_Work task_:
For this listing, the lines between the one holding "Ein lächelnder Geschäftsmann" and the one holding "Jaeger Hommes 44", inclusive, must be set down exactly.

_Supplied material_:
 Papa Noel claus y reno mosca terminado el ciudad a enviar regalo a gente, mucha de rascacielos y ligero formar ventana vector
* * *
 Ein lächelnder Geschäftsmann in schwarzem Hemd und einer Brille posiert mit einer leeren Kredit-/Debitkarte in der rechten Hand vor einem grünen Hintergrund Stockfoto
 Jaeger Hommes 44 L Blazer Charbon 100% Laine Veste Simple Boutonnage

_Response to this task_:
 Ein lächelnder Geschäftsmann in schwarzem Hemd und einer Brille posiert mit einer leeren Kredit-/Debitkarte in der rechten Hand vor einem grünen Hintergrund Stockfoto
 Jaeger Hommes 44 L Blazer Charbon 100% Laine Veste Simple Boutonnage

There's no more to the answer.